A recent statement filed with the Securities and Exchange Commission (SEC) by Argan Inc., whose subsidiary Gemma Power has been contracted to construct the Chickahominy Power plant, indicated that the project’s future is up in the air. “Due to several factors that are slowing the pace of the development of this project,” the company wrote, “including additional time being required to secure the natural gas supply for the plant and to obtain the necessary equity financing, we currently cannot predict when construction will commence, if at all.” (emphasis added). 

For these reasons, Argan did not include Chickahominy Power Station in its backlog list for the total value of its projects.   

The plant’s ongoing inability to secure financing has likely been compounded by its failed attempt to carve itself out of the Regional Greenhouse Gas Initiative (RGGI), a carbon trading program Virginia recently joined. As the Energy and Policy Institute revealed in February, a bill to provide the two Charles City County gas plants with carbon allowances that would have essentially exempted them from RGGI’s trading scheme in their first three years of operation was crafted by a lobbyist for Chickahominy Power. The ensuing outrage and pressure from opponents led the bill’s sponsor, Senator Lionell Spruill, to withdraw it shortly after it passed the state’s senate.

C4GT’s “slight delay”

C4GT is experiencing its own set of hurdles. While the plant has already received all of its state permits, it still needs to secure the gas supply to fuel its turbines. Late last year, Southern Company’s subsidiary Virginia Natural Gas (VNG) began the permitting process for its Header Improvement Project, a 24-mile pipeline that will supply gas to C4GT. The project includes two new compressor stations and an upgrade to an existing one.

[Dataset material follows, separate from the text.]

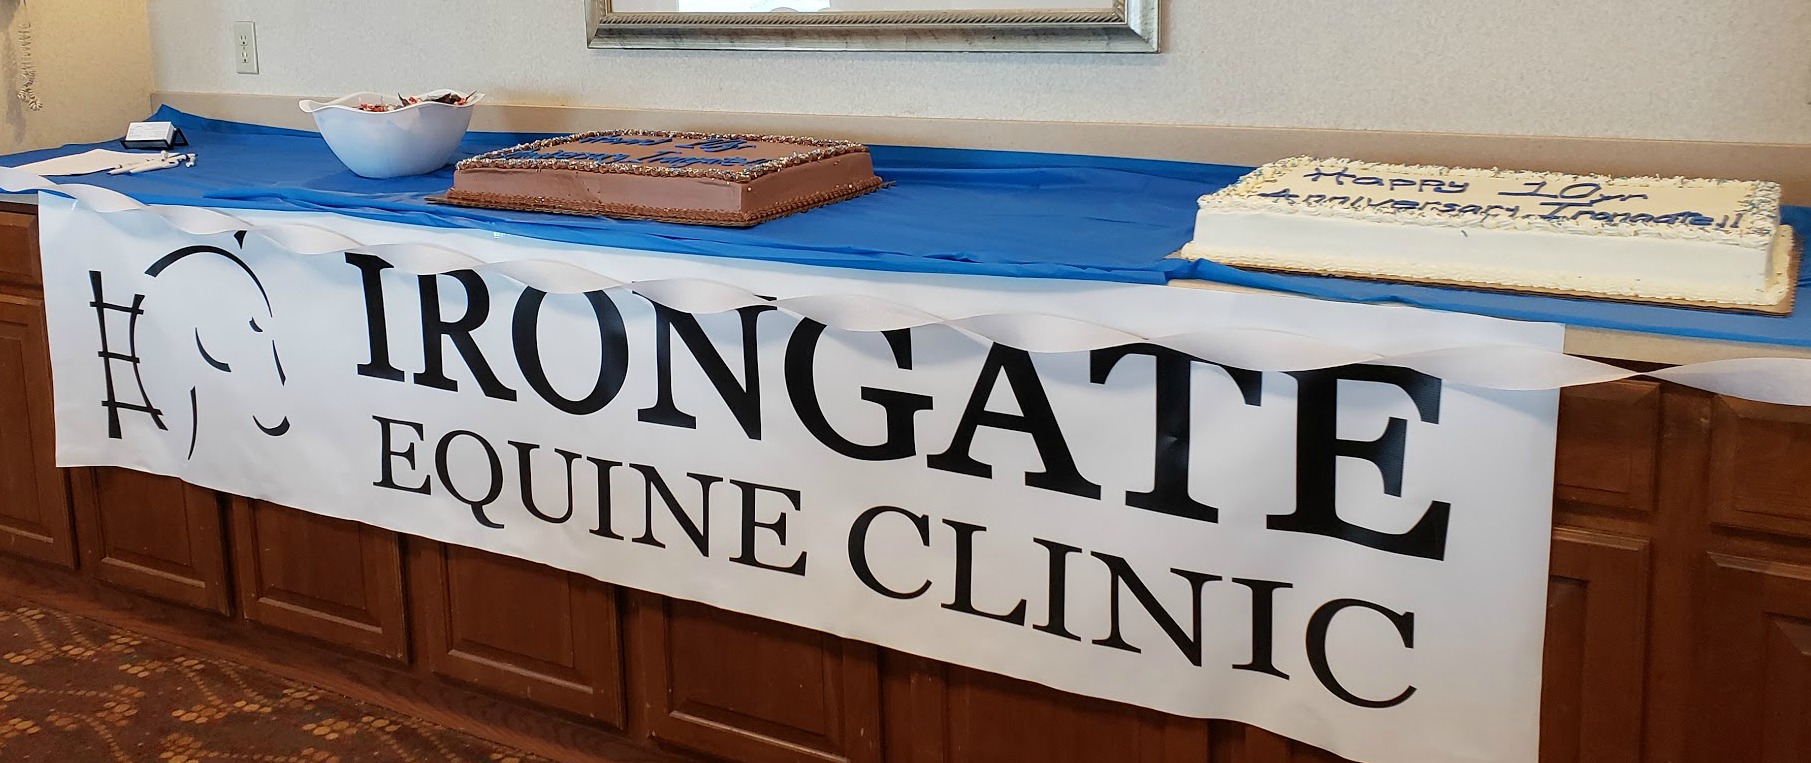 Irongate Equine Clinic

In recent filings to the State Corporation Commission, VNG indicated that C4GT – the pipeline’s main customer – is experiencing a “slight delay,” the exact details of which have been redacted. According to VNG’s statement, the delay is “due to uncertainty in the gas supply and financial markets caused by the spread of the novel coronavirus, or COVID-19.”

In a supplemental filing last week, VNG stated that it discussed the matter with C4GT, which indicated it is still committed to the project. Yet, for the first time, VNG also raised the possibility of continuing the pipeline without the power plant. In that case, VNG said, it will “petition the Commission for an amended [application] for a project within the scope of needs of participants at that time.”

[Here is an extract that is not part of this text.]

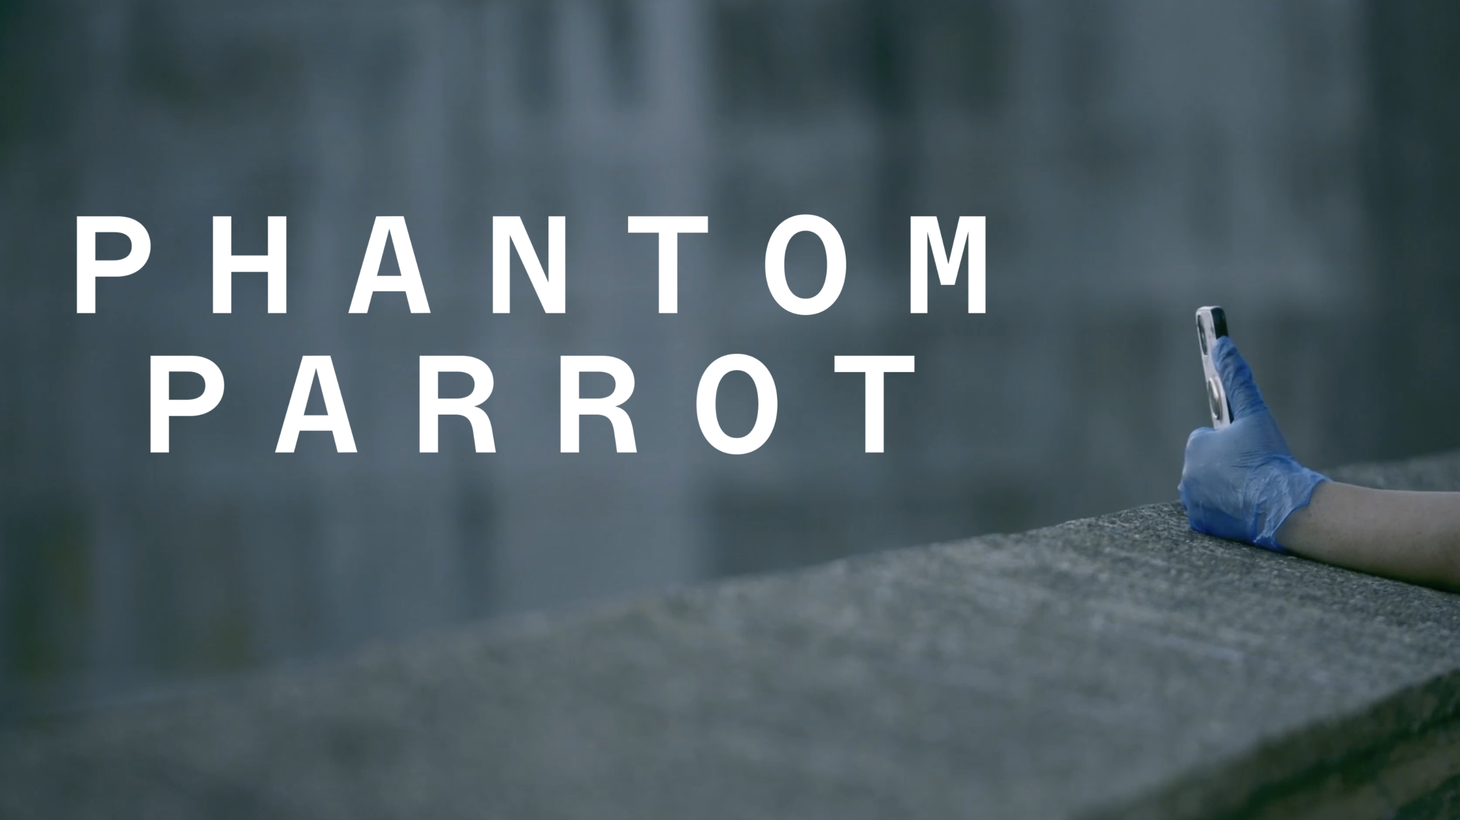 Phantom Parrot, a new documentary by director Kate Stonehill.

The prospective pipeline’s other customers are two local gas distribution companies, Dominion’s Virginia Power Services Energy and NiSource’s Columbia Gas of Virginia.

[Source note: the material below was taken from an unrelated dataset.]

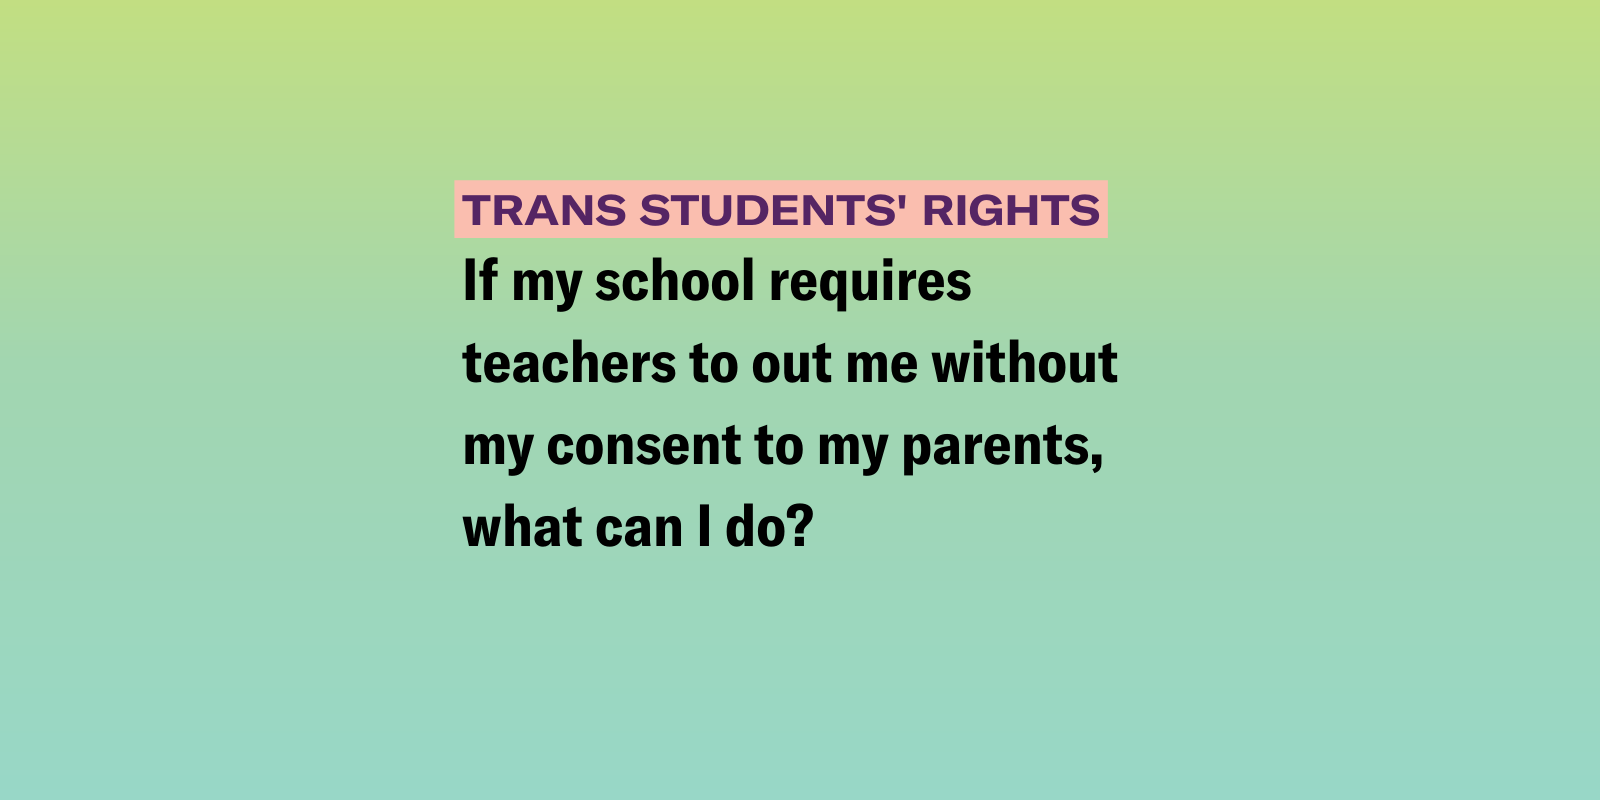 gradient background of pink and dark blue with the following text "If my school requires teachers to out me without my consent to my parents, what can I do?"

SAVE’s Gearing Up for a Fight

In addition to the financial markets putting C4GT in some doubt, other forces might also prevent the completion of the power plant, along with VNG’s pipeline and compressor stations. 

A recently formed coalition of environmental organizations has vowed to fight the Header Improvement Project. Concerned Citizens of Charles City County (C5), Virginia Pipeline Resisters, Chesapeake Climate Action Network, Virginia’s Poor People’s Campaign, and Richmond Interfaith Climate Justice are among the groups that have joined to form the Stop the Abuse of Virginian Energy (SAVE) coalition.

In its first move, the group demanded that the SCC postpone its public hearing on the project, scheduled for May 12. “Residents in the path of this project shouldn’t also have to fear the prospect of dangerous new pipelines, gas-fueled power plants, and compressor stations in their backyards at a time when they are already facing COVID-19,” the group said in a recent op-ed. “Certainly, they cannot safely attend the public hearing in May, or attend community events to learn about the project.”